> [WORK ORDER] Print the listing below verbatim, passing over each picture.

> [DATA SHOWN]

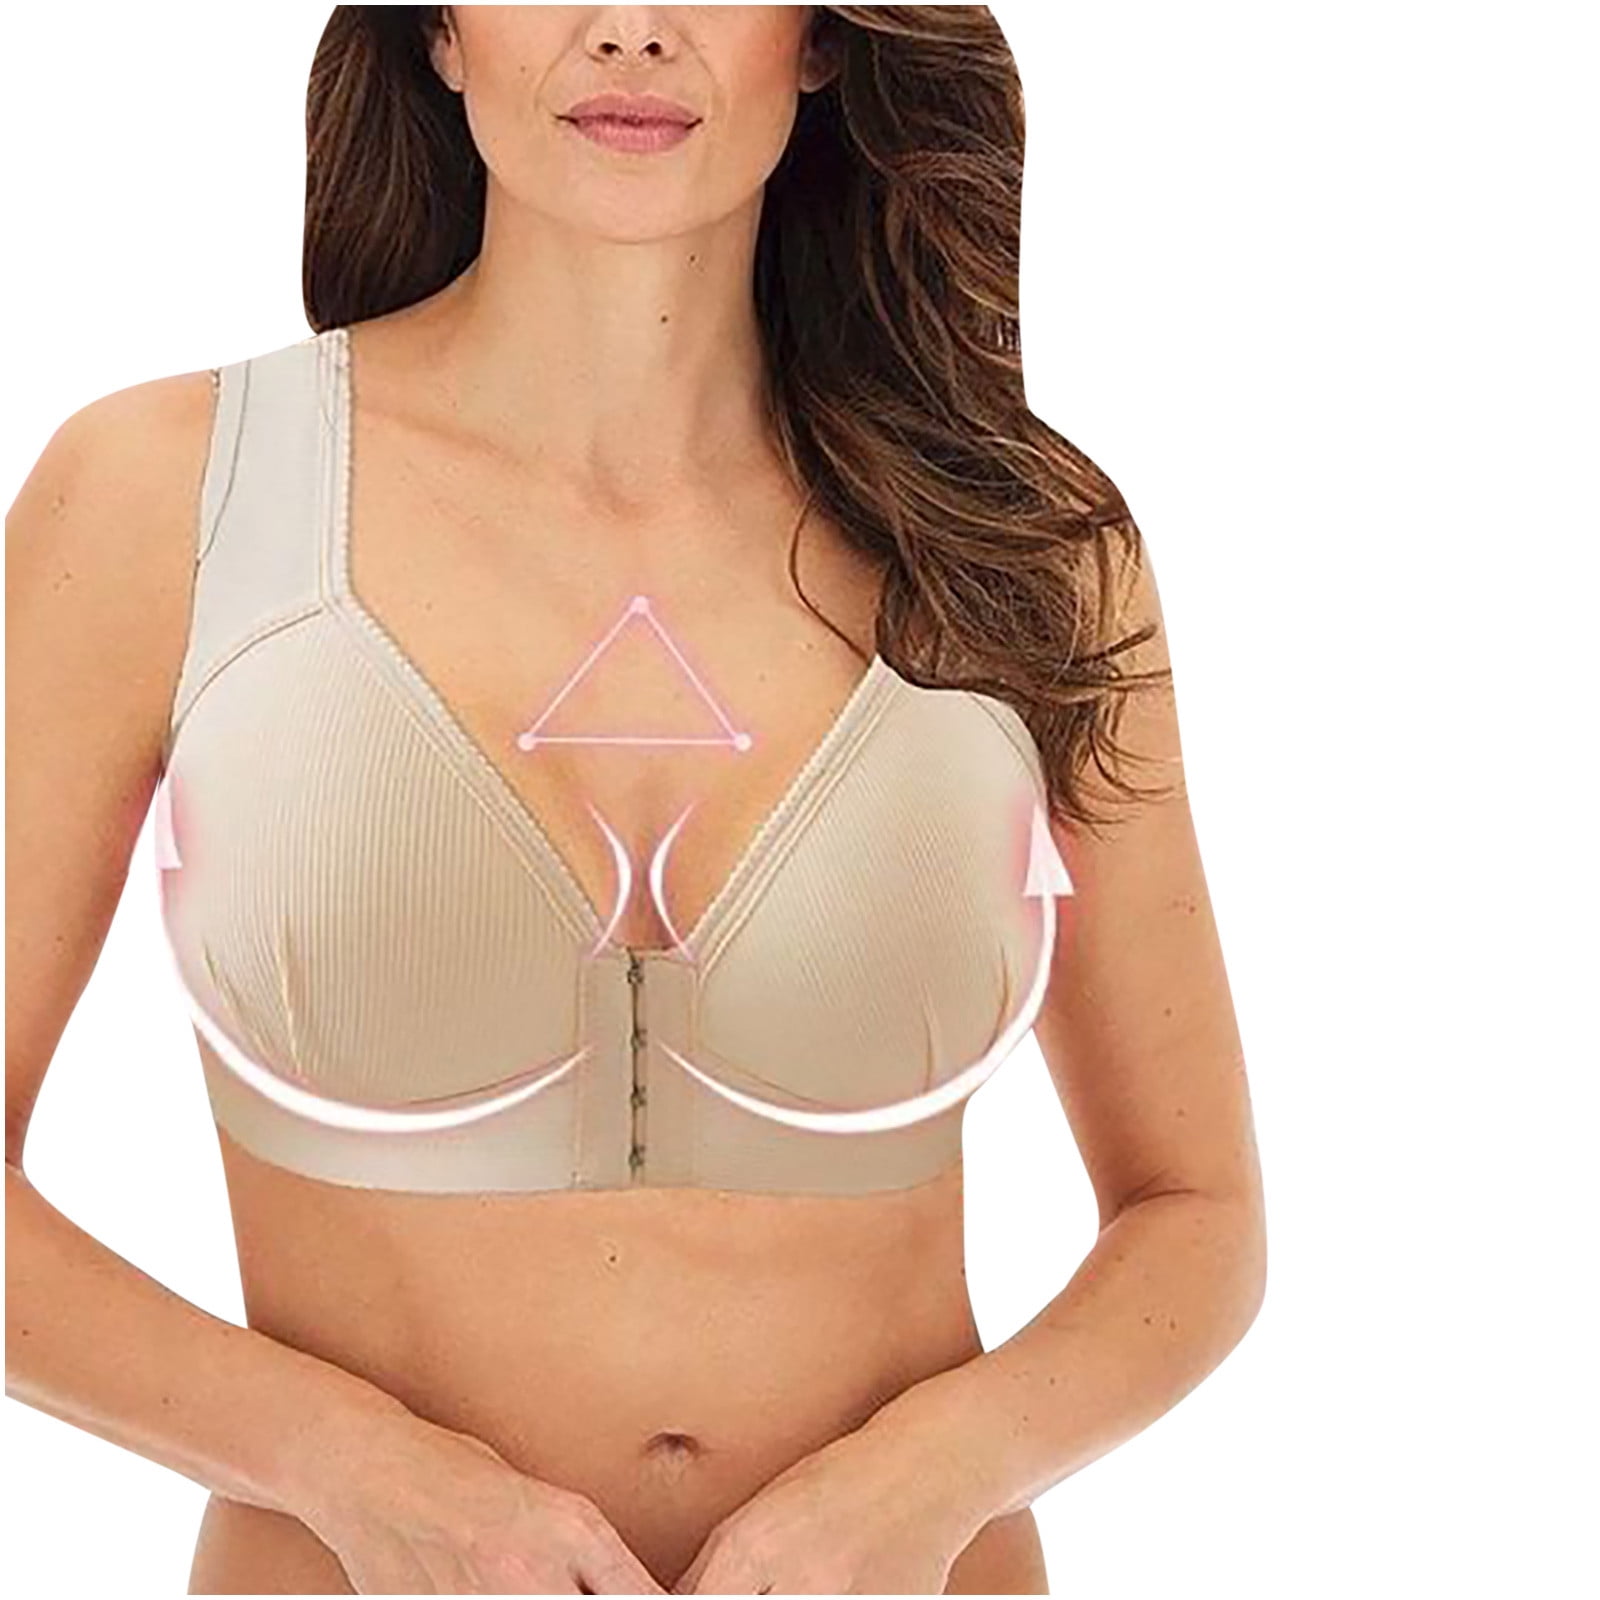  Womens Minimizer Bra Plus Size Underwire Smooth
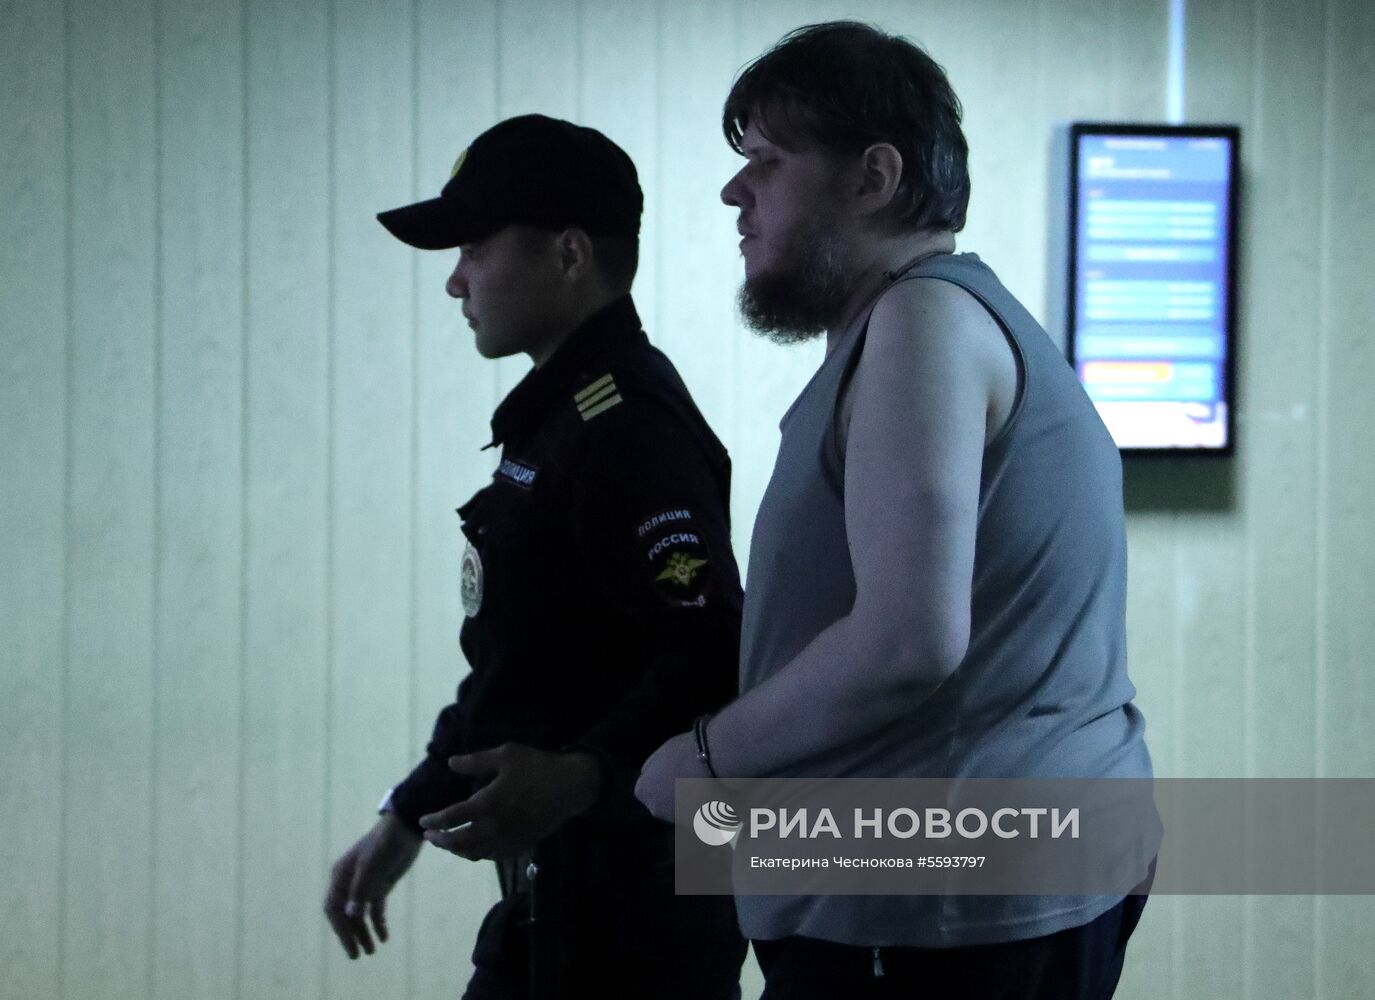 Оглашение приговора А. Попову лидеру секты "бога Кузи" 
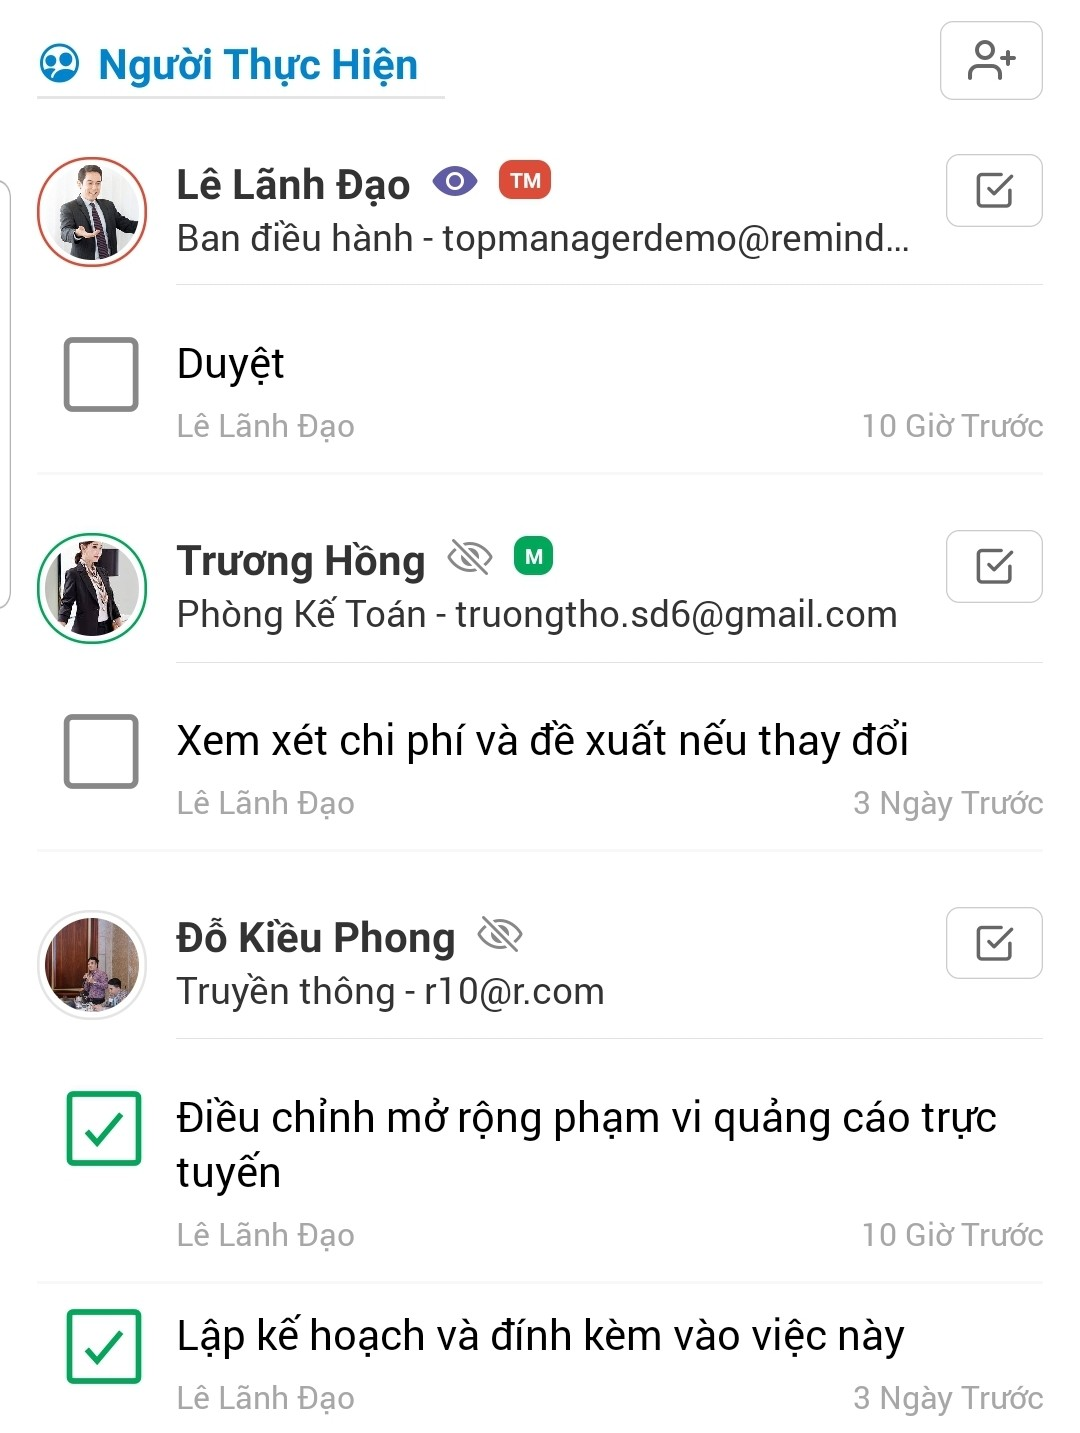 Phan cong cong viec tren mobile app

> [SOLUTION TO THIS EXERCISE]
  Womens Minimizer Bra Plus Size Underwire Smooth
 Оглашение приговора А. Попову лидеру секты "бога Кузи" 
 Phan cong cong viec tren mobile app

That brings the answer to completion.